:: Data ::

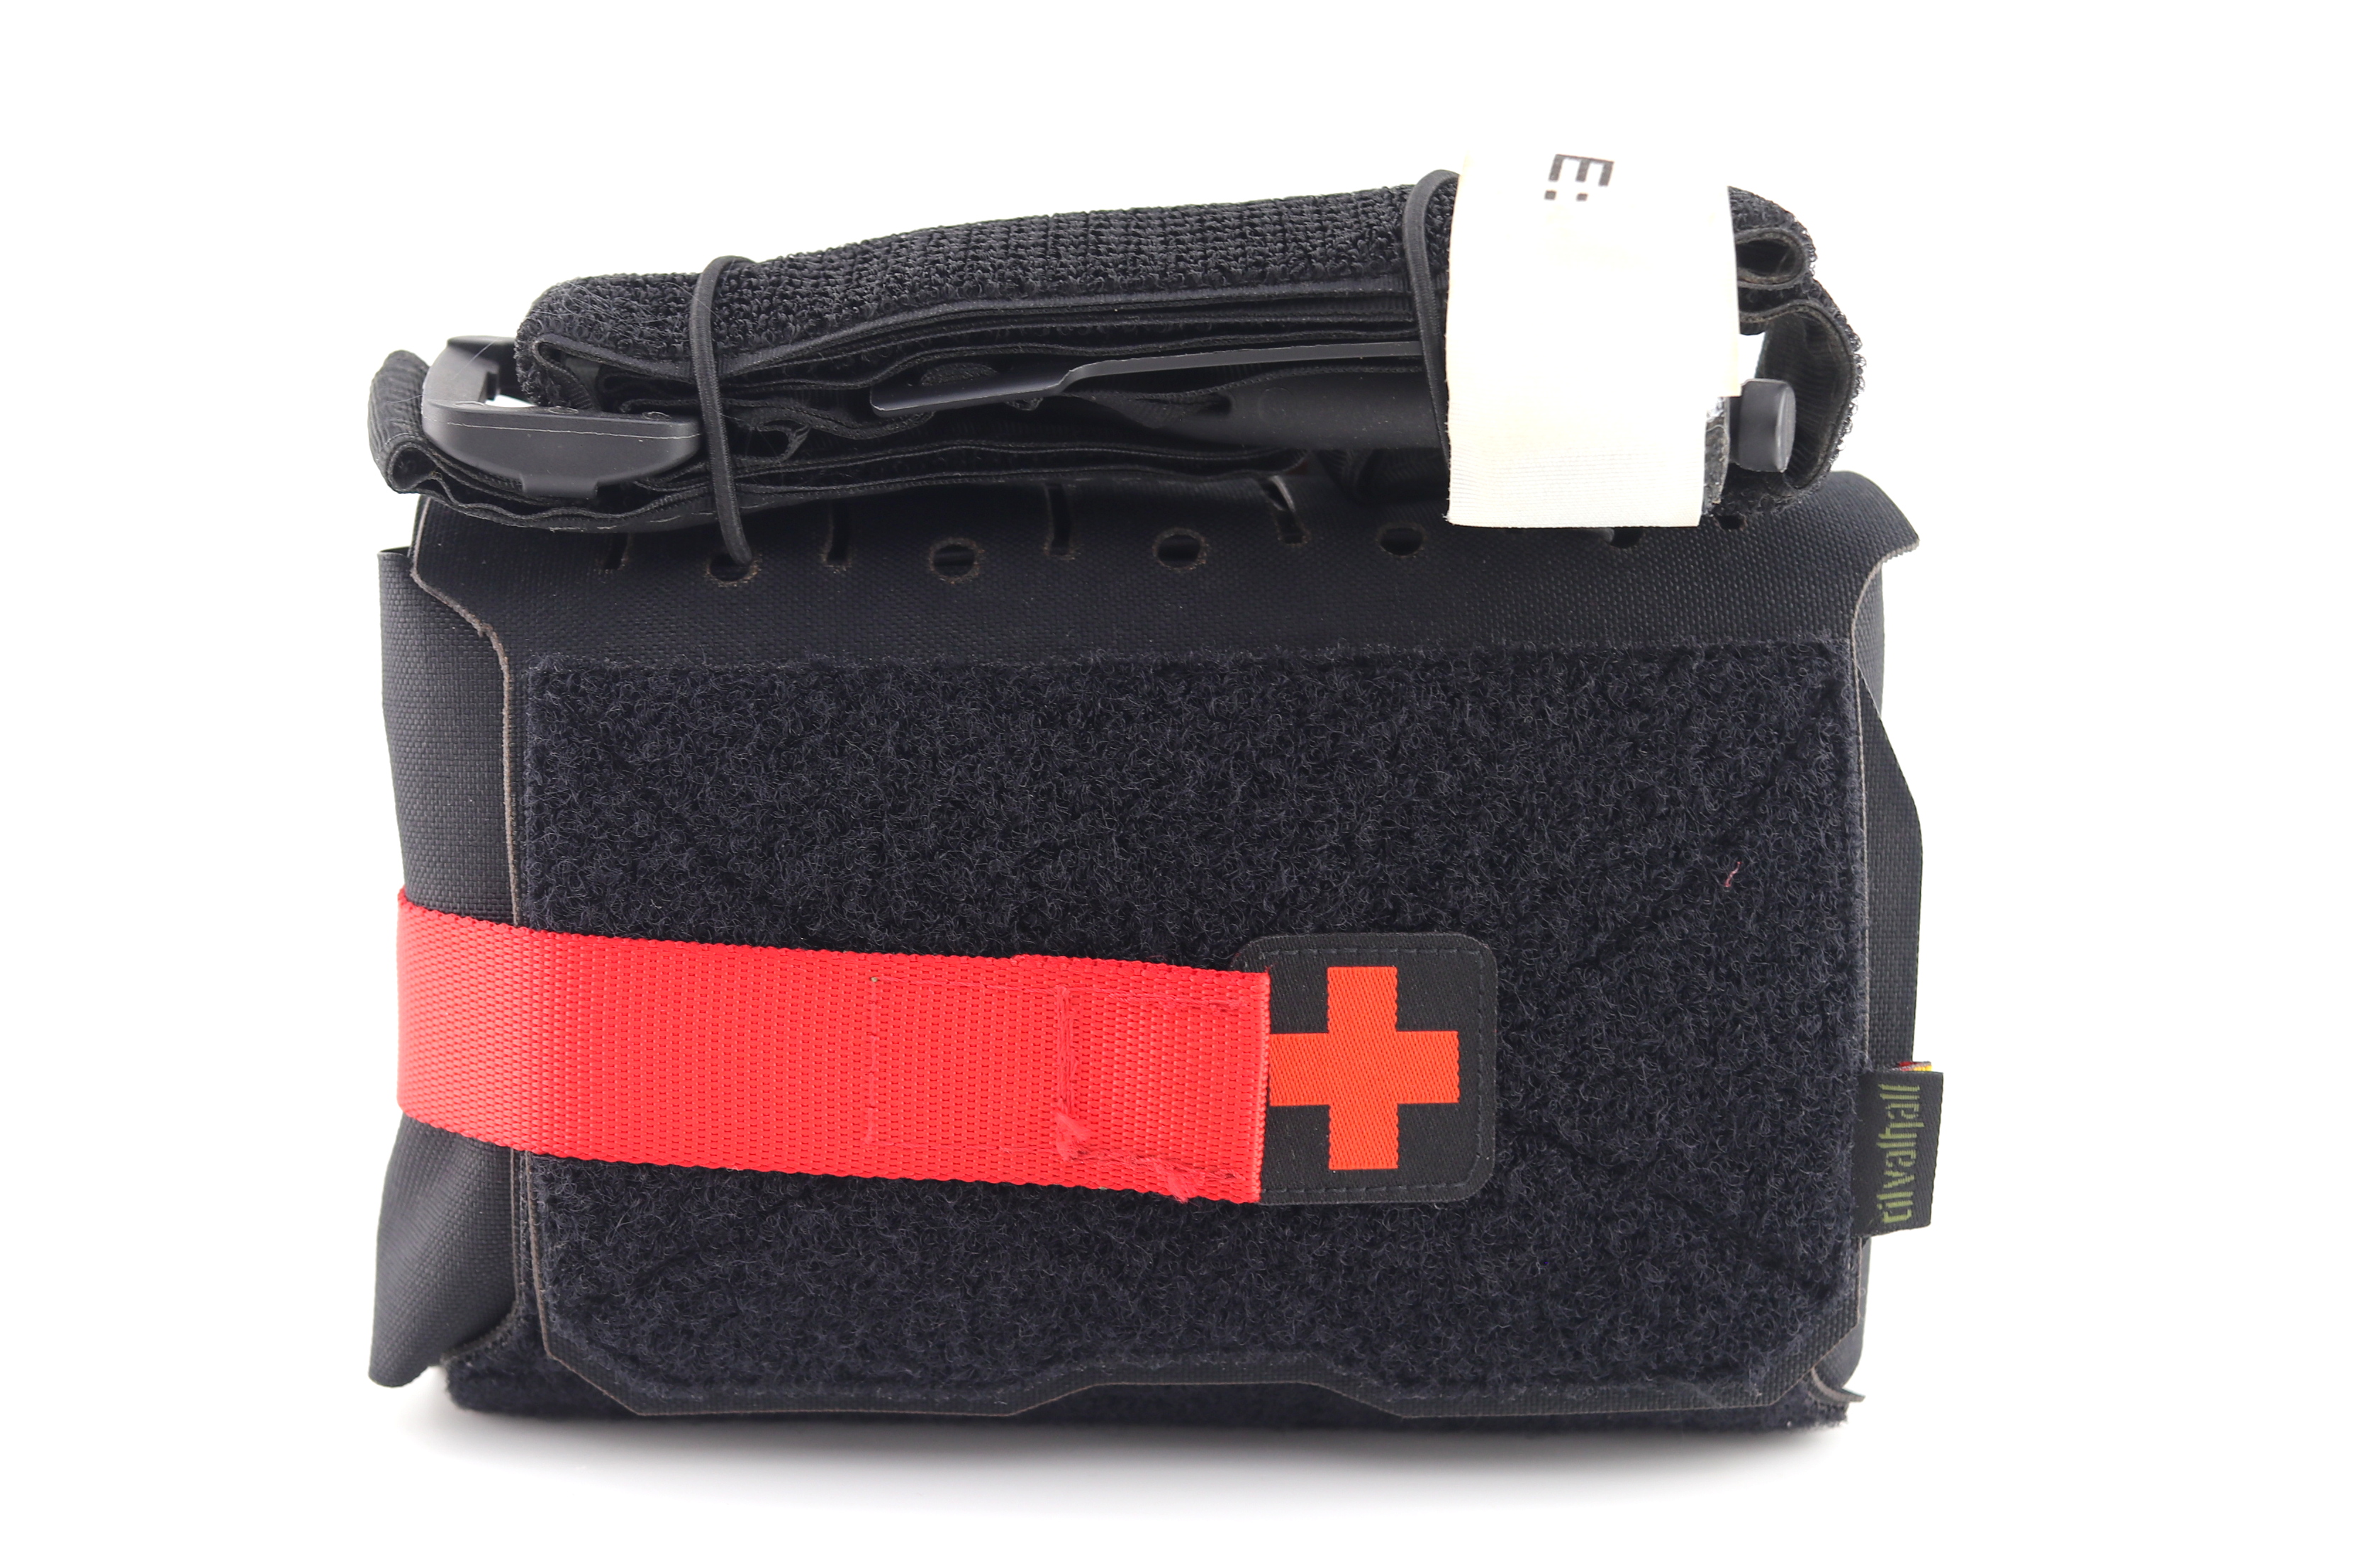  Erste-Hilfe-Tasche  - IFAK M, schwarz
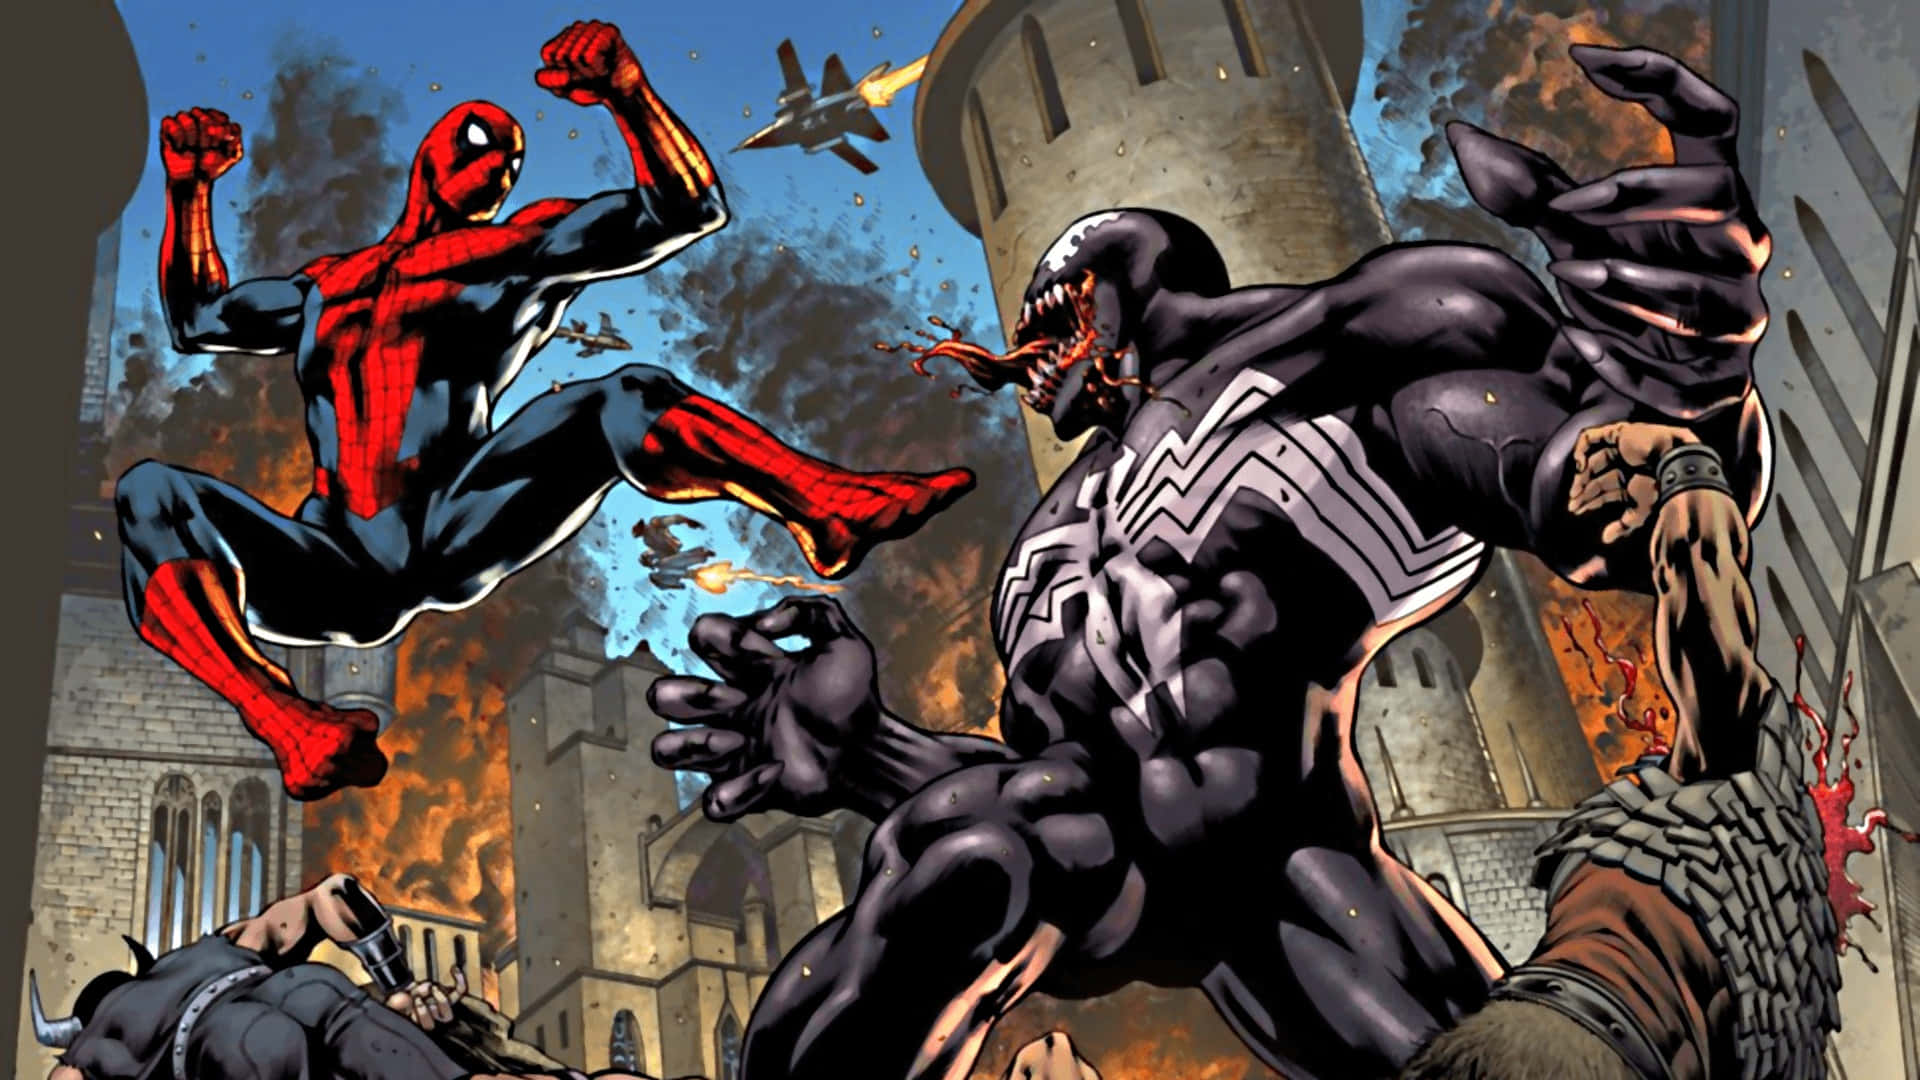 Venom Comic Book Cover Art Wallpaper
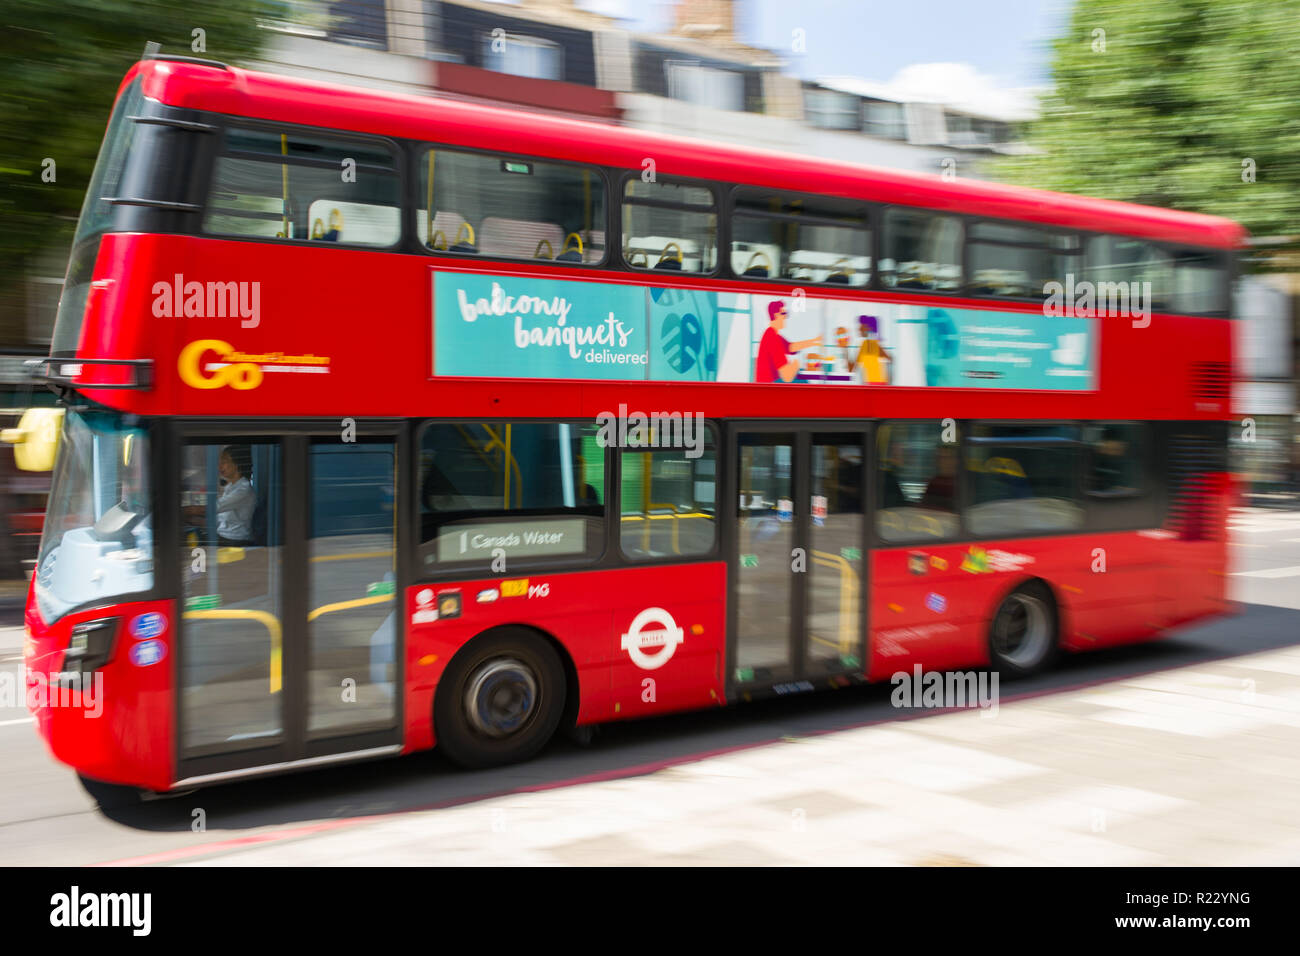 Immagine panoramica di un bus rosso a due piani che si sposta lungo una strada a Londra in una giornata di sole, London, Regno Unito Foto Stock
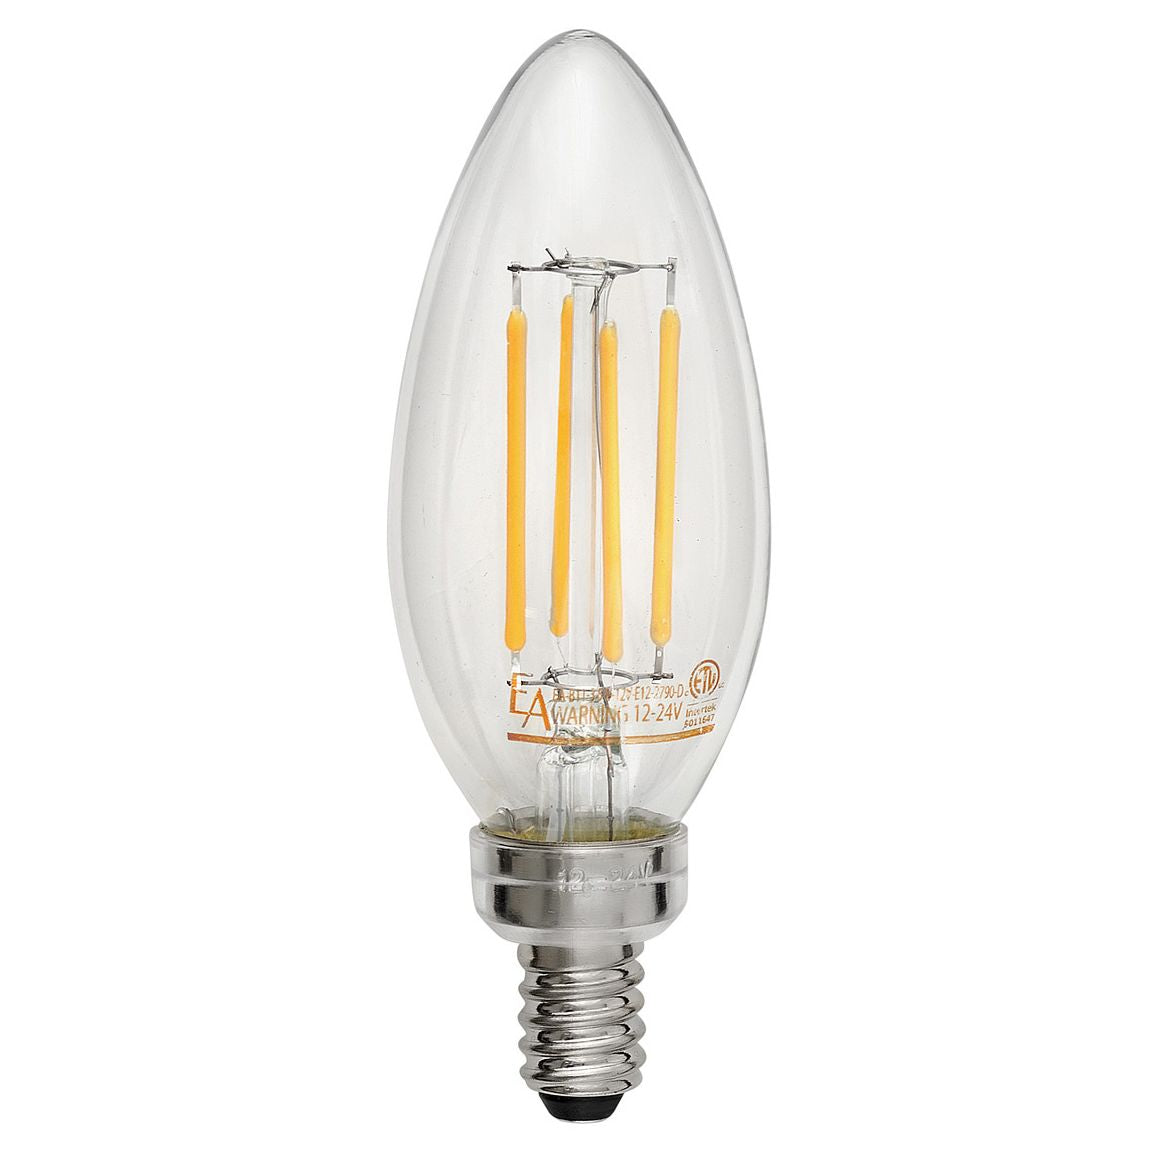 Hinkley E12LED12V - Low Voltage 3.5 Watt LED Light Bulb, Candelabra Bulb Base (E12)

:: Work instruction ::
Retype all the material word for word while skipping any picture it contains.

:: Expected answer ::
  Erste-Hilfe-Tasche  - IFAK M, schwarz
 Venom Comic Book Cover Art Wallpaper
 Immagine panoramica di un bus rosso a due piani che si sposta lungo una strada a Londra in una giornata di sole, London, Regno Unito Foto Stock
 Hinkley E12LED12V - Low Voltage 3.5 Watt LED Light Bulb, Candelabra Bulb Base (E12)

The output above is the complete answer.